Urusan pajak pun tidak akan mencekik kantong, karena estimasi pajak tahunannya hanya berkisar antara Rp1 juta hingga Rp2 juta, tergantung pada nilai jual kendaraan dan wilayah masing-masing.
Plus minus yang wajib diterima secara legawa jika beli Datsun Go

Di balik segala kelebihan ekonomis tersebut, pakar otomotif memberikan catatan serius mengenai aspek keamanan. Ko Lung Lung dari Dokter Mobil Indonesia memberikan peringatan bagi calon pembeli mengenai faktor keselamatan pada unit Datsun ini.

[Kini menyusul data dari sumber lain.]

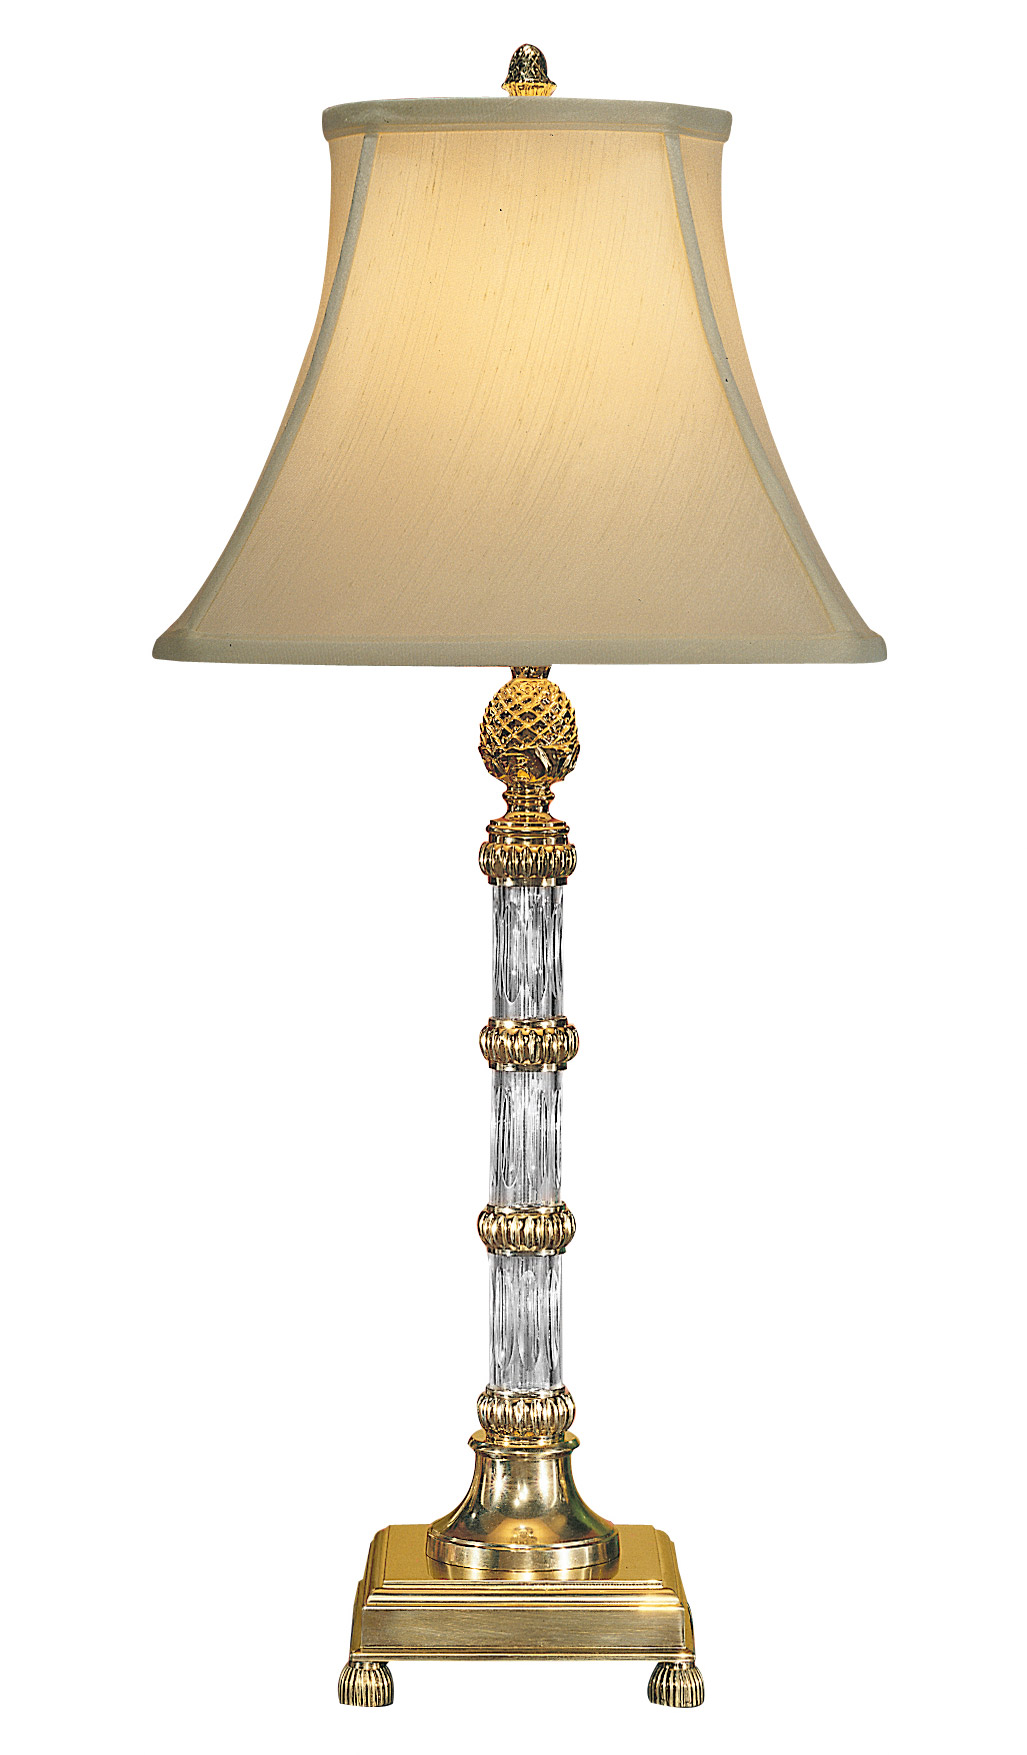 Wildwood 8121 Crystal Pineapple Column Table Lamp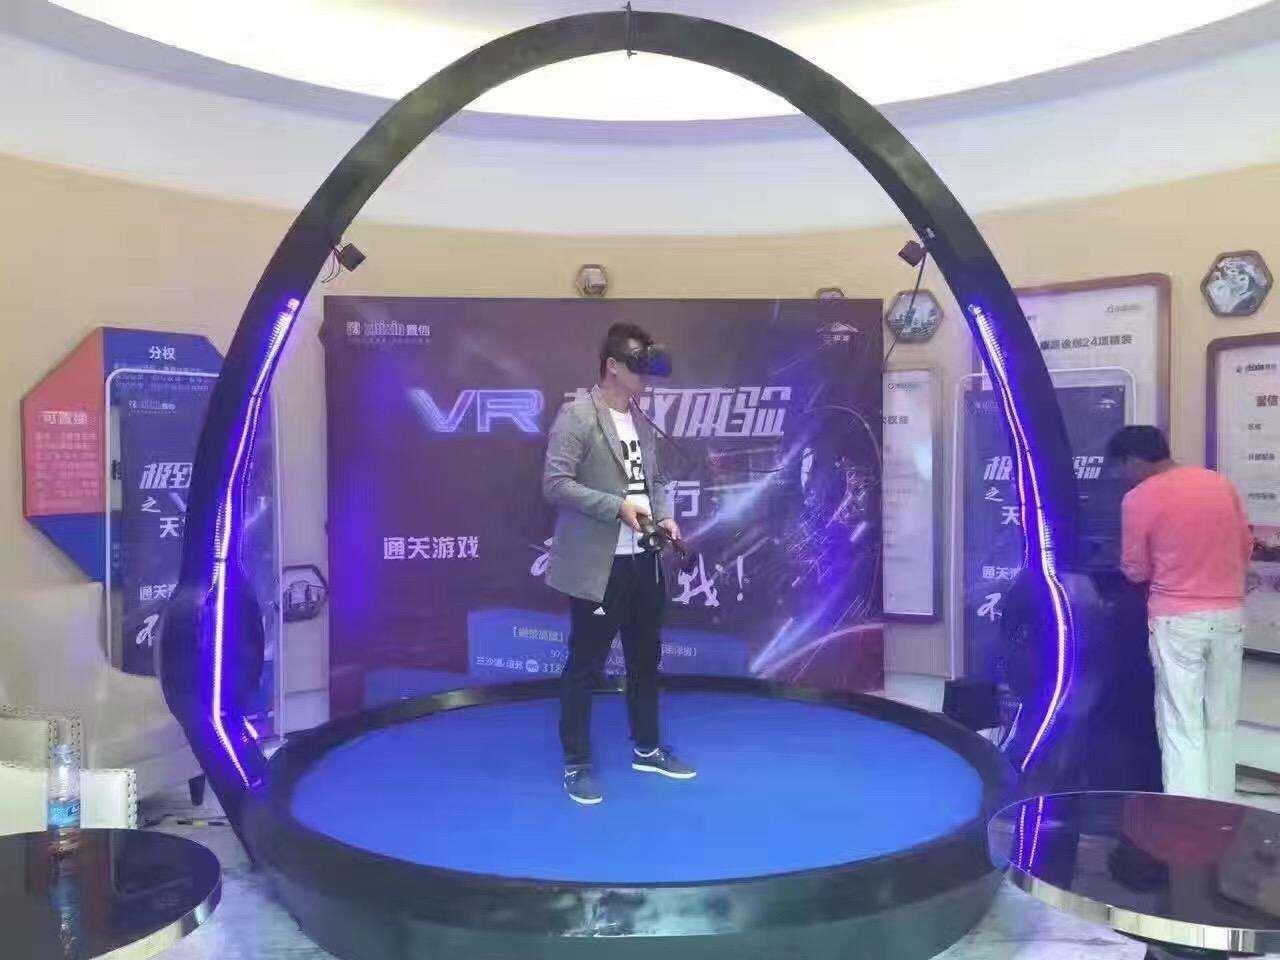 VR天地行大型商场暖场设备 VR设备 VR娱乐暖场示例图1

Menurutnya, ada perbedaan signifikan dalam hal struktur keamanan jika dibandingkan dengan mobil lain di kelasnya, seperti Nissan Grand Livina yang rentang harga di pasar mobil bekas lumayan mirip.
"Kalau mau jauh lebih safety ambillah Grand Livina. Datsun itu kayaknya dia potong budget deh," ujarnya.
Ia menekankan bahwa struktur yang ada pada mobil ini membuat kendaraan tersebut berisiko tinggi jika mengalami benturan dari samping.
Selain masalah struktur sasis, Ko Lung Lung juga menyoroti bagaimana karakteristik mobil ini saat dipacu di jalan raya.
Meskipun mesinnya tergolong bertenaga dan bodinya sangat ringan sehingga enak untuk diajak ngebut, aspek keselamatan tetap menjadi poin minus yang harus diwaspadai.
"Mobil ini bisa dipakai untuk kencang karena memang mesinnya oke dan bodinya enteng banget, tapi ingat ya mobil ini safety factor-nya kurang bagus ketimbang yang lainnya," jelas Ko Lung Lung.
Melihat perbandingan ini, Datsun Go memang bisa menjadi solusi bagi mereka yang mencari mobil pertama dengan dana terbatas dan biaya perawatan murah.
Fitur seperti ABS, EBD, dan airbag pun sudah tersedia di beberapa varian tertentu.
Namun, bagi keluarga yang memprioritaskan kekokohan struktur dan fitur keselamatan tingkat tinggi untuk perjalanan jauh, catatan dari pakar otomotif di atas tentu harus menjadi bahan pertimbangan yang matang sebelum melakukan transaksi.